Ее глаза наполнились слезами.
— Тебе станет лучше. Станет. И у тебя будет нормальная жизнь. Клянусь Богом, — сказала она тихо и серьезно, — у тебя будет нормальная жизнь.

Я увидела свой шанс.
— Тебе обязательно меня отправлять к ним?

Она прикусила нижнюю губу и вздохнула.
— Это последнее, чего я хочу, малышка. Но, думаю, если ты некоторое время побудешь в другой обстановке, с людьми, которые действительно знают об этом все, тебе это пойдет на пользу.

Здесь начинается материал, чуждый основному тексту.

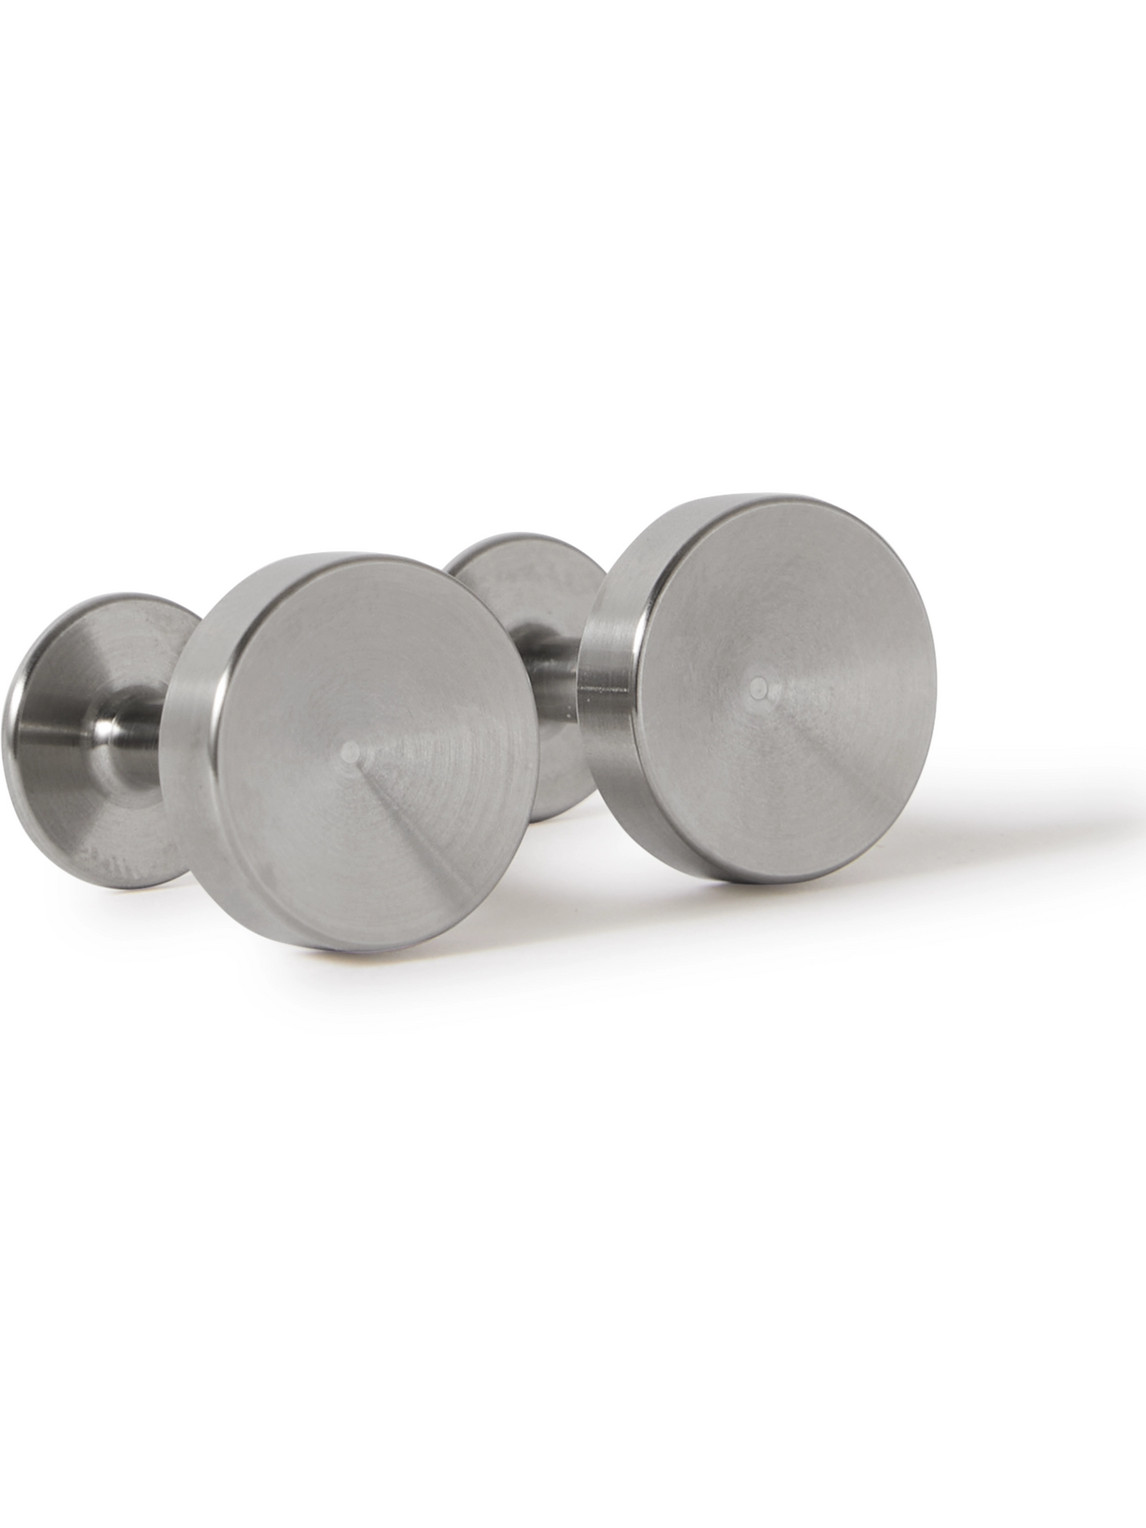 Alice Made This Alexander Stainless Steel Cufflinks In Silver
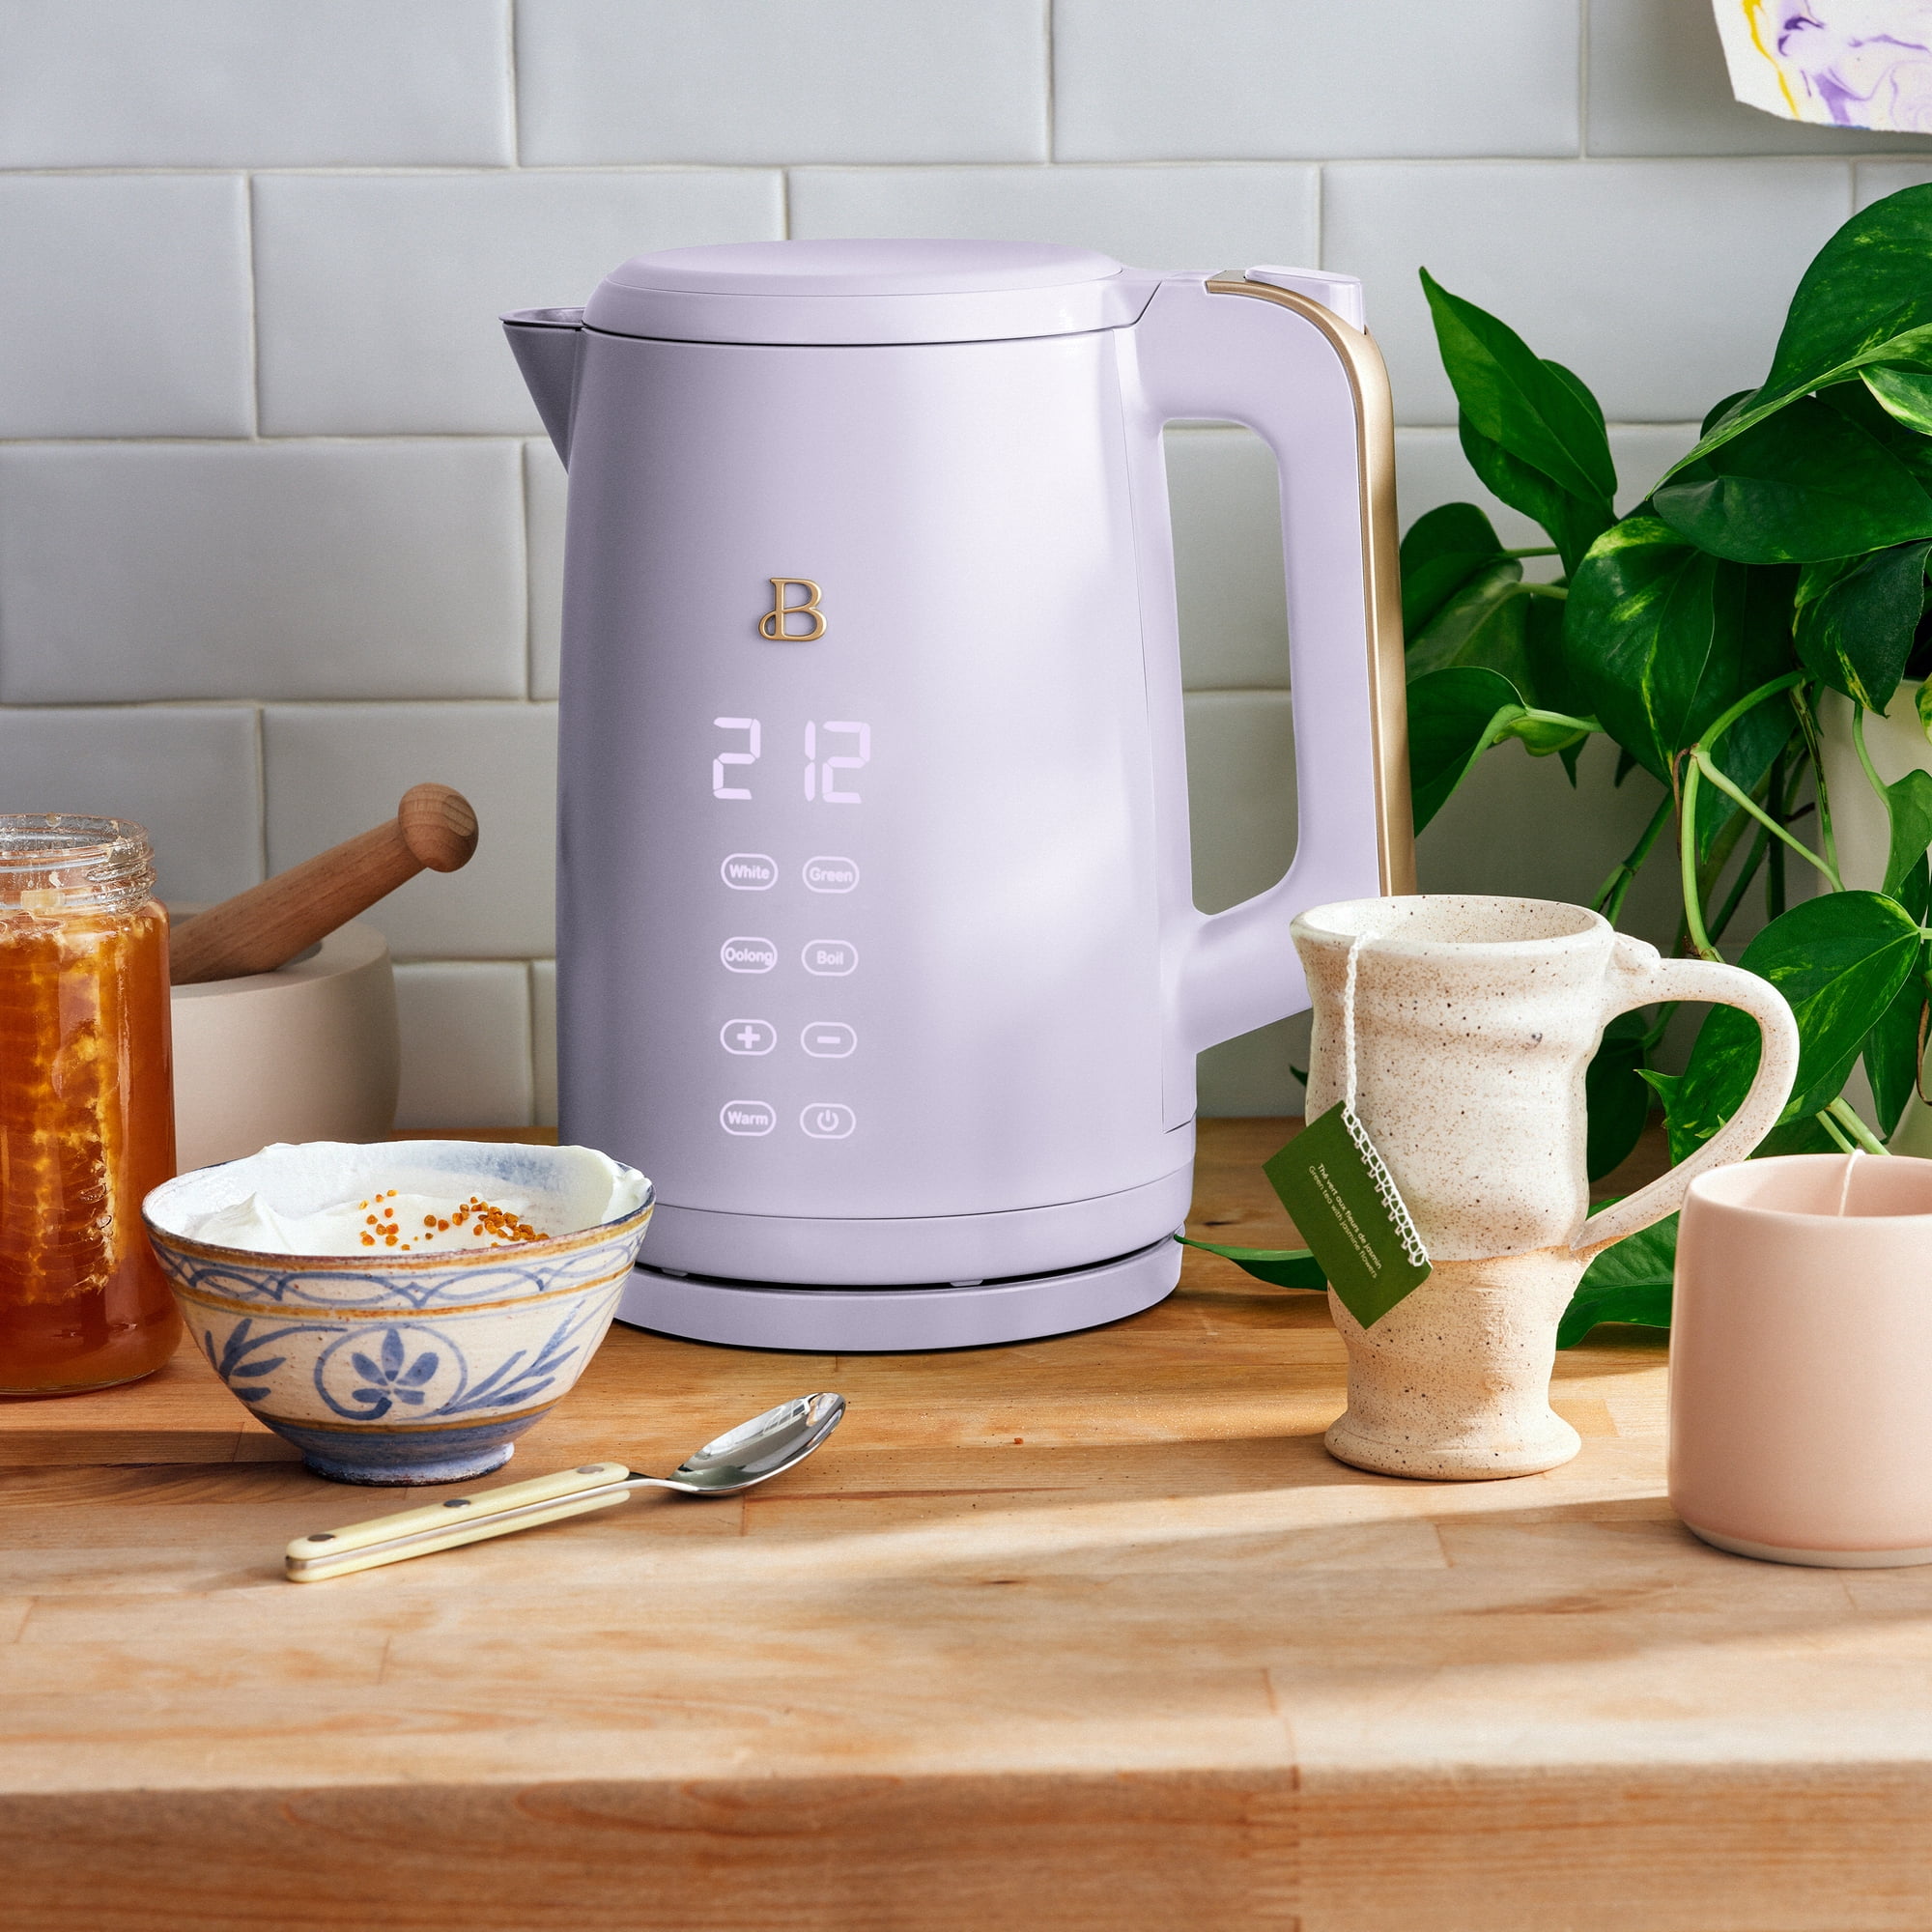 Beautiful 1.7-Liter Electric Kettle 1500 W with One-Touch Activation, Black  Sesame by Drew Barrymore

Но я уже знала по тону ее голоса, по тому, как он дрожал, что мама сомневалась. Она была неуверенна. Это означало, что, может быть, у меня еще получится повлиять на нее и вернуться домой.

Но это произойдет не во время этого разговора. Меня ждет работа. Которая не может быть выполнена здесь.

Я зевнула и медленно моргнула.

— Ты устала, — сказала она, изучая мое лицо.

Я кивнула.

— У тебя была адская неделя. Адский год. — Она взяла мое лицо в свои руки. — Мы справимся с этим. Обещаю.

Я блаженно ей улыбнулась.
— Знаю.

Она пригладила мои волосы назад, а затем повернулась, чтобы уйти.

— Мам? — позвала я. — Можешь сказать доктору Уэст, что я хочу поговорить с ней?

Она улыбнулась.
— Конечно, дорогая. Вздремни немного, а я дам ей знать, чтобы она вскоре зашла и проведала тебя, хорошо?

— Спасибо.

Мама остановилась между креслом и дверью. Явно колеблясь.

— Что-то не так? — спросила я.

— Я просто... — начала она, потом закрыла глаза. Она провела ладонью по рту. — Полицейский рассказал нам вчера, что ты сказала, будто Джуд напал на тебя, прежде чем здание обрушилось. Я просто хотела… — Она глубоко вздохнула. — Мара, это правда?

Это было правдой, конечно же. Когда мы остались наедине, в психушке, Джуд поцеловал меня. Потом он продолжил целовать меня, хотя я сказала ему, чтобы он прекратил. Он прижал меня к стене. Толкнул меня. Я оказалась в ловушке. Тогда я ударила его, а он ударил меня в ответ.

— О, Мара, — прошептала мама.

Должно быть, правда ясно отразилась на моем лице, потому что, прежде чем я решила, как ответить ей, она бросилась ко мне.
— Неудивительно, что это было так тяжело — двойная травма. Ты, должно быть, чувствовала себя… я не могу даже…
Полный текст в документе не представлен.